Table 15: One or more alternate receivers and respective access rights, encrypted text, and capability of IOT device.

It should be noted that for the working of this invention, the device of the receiver is required to be connected to the IOT hub. Once device is registered and connected to the IOT hub, the service expected database starts maintaining data for notification/ sms alert, browser history, service expected, time and meta data.

Referring to FIG. 7, the first scenario in Table 15 is for the input event "doorbell for Amazon delivery" which discloses, the alternate receiver "Number 3"(703) is the appropriate alternate receiver, essential information OTP is required as the information exchange is true and the OTP is provided in the display of the TV to enable the alternate receiver "Number 3"(703) to perform the input event. This scenario is explained below in detail by utilizing modules of the system(200).

On receiving the event, the system first analyzes the context of the input event and finds that the Amazon delivery is expected today. The essentiality module(202) of the system(200) then determines the essentiality of the input event "doorbell for Amazon delivery", classifies the input event as non-private, and determines that the expected response requires information exchange and physical availability of the receiver(700). After successful determination of the expected response, the receiver availability module(204) of the system(200) determines the current availability of the receiver(700) and the receiver response prediction module(206) of the system(200), based on determining the receiver(700) is performing the physical activity, can provide an unsatisfactory response. After successful determination of the receiver response, the alternate receiver identification module(208) of the system(200) determines the availability of alternate receivers "Number 1"(701), "Number 2"(702), and "Number 3"(703) by computing the prediction score for each of these alternate receivers. Then, after determining the alternate receiver "Number 3"(703) has the highest prediction score, the alternate receiver preparation module(210) of the system(200) then displays the OTP on the display of the TV upon determining the alternate receiver "Number 3"(703) is watching TV at the time. Thus, the system(200) makes the alternate receiver "Number 3"(703) to collect the Amazon delivery by providing the OTP and provide the satisfactory response.

The second scenario in Table 15 may operate similarly to first scenario. The second scenario is for the input event "call from Ola", which discloses, the alternate receiver "Number 1" is the appropriate alternate receiver to receive the call requiring information such as route to reach the destination, OTP, estimated fare, estimated reach time and the OTP is provided in the display of a display device to enable the alternate receiver "Number 1" to perform in the IOT environment. This scenario is explained below in detail by utilizing modules of the system(200).

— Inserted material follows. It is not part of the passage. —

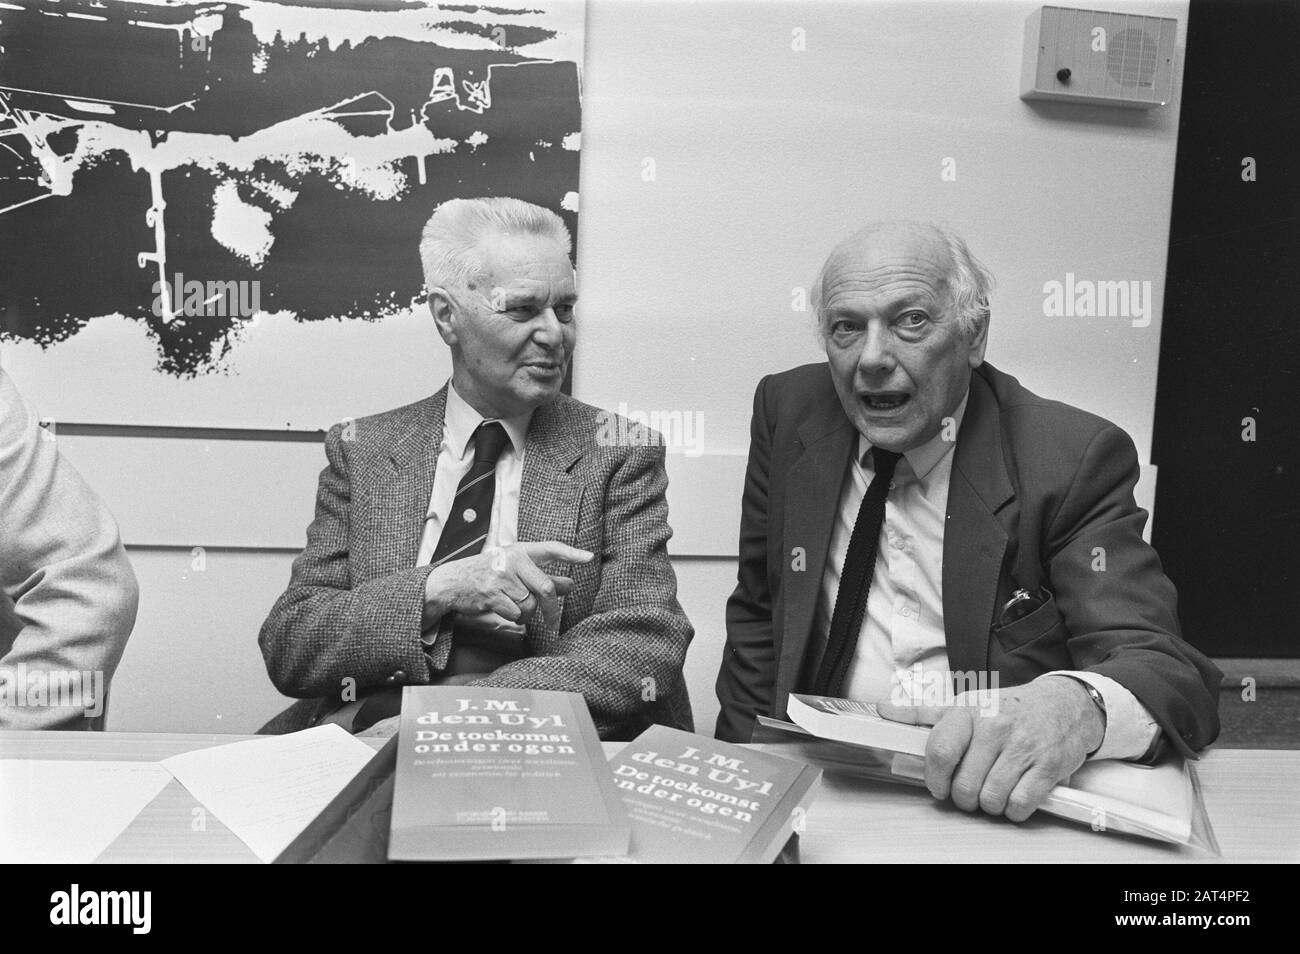 Joop den Uyl (r.) offered in The Hague 1st copy of his collection de Future  to Professor Jan Tinbergen Joop den Uyl (r.) and Jan Tinbergen Date: 25  March 1986 Location: The
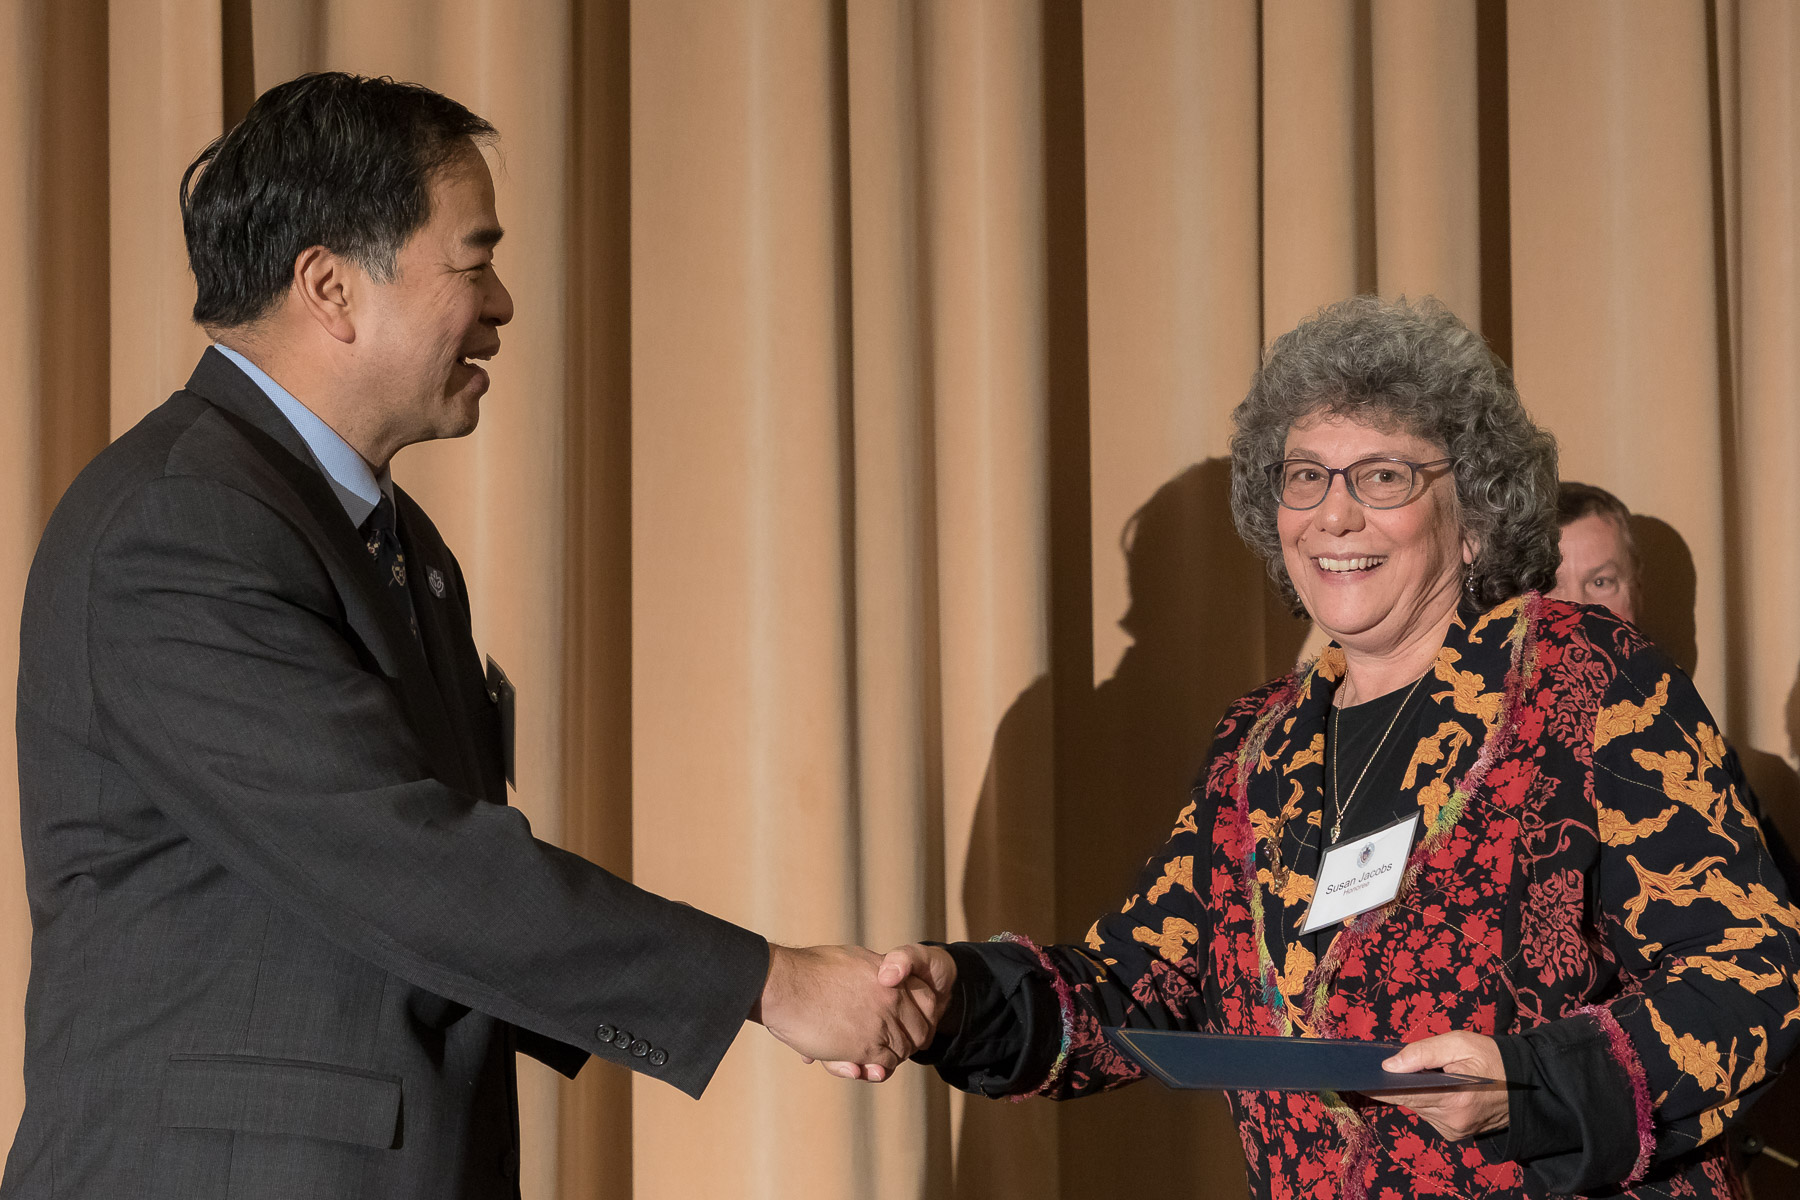 Susan Jacobs, right, with A. Gabriel Esteban, Ph.D., president, as faculty and staff members are inducted into DePaul University's 25 Year Club, Tuesday, Nov. 13, 2018, at the Lincoln Park Student Center. Employees celebrating their 25th work anniversary were honored at the luncheon with their colleagues and will have their names added to plaques located on the Loop and Lincoln Park Campuses. (DePaul University/Jeff Carrion)

On receiving the call from Ola, the system(200) analyzes the context of the input event and finds that the service is expected from Ola. The essentiality module(202) of the system(200) then determines the essentiality of the input event "call from Ola", classifies the input event as non-private, and determines expected response requires information exchange and digital availability. After successful determination of the expected response, the receiver availability module(204) of the system(200) determines the current availability of the receiver and the receiver response prediction module(206) of the system(200), based on determining the receiver is busy on another call and performing internet surfing/browsing on the device, can provide an unsatisfactory response. After successful determination of the receiver response, the alternate receiver identification module(208) of the system(200) determines the availability of alternate receivers "Number 1", "Number 2", and "Number 3" by computing the prediction score for each of these alternate receivers. Then after determining the alternate receiver Number 1 has the highest prediction score, the alternate receiver preparation module(210) of the system(200) then switch the call to the alternate receiver "Number 1" and display the route to reach the destination, OTP, estimated fare, estimated reach time on the wrist watch of the alternate receiver "Number 1"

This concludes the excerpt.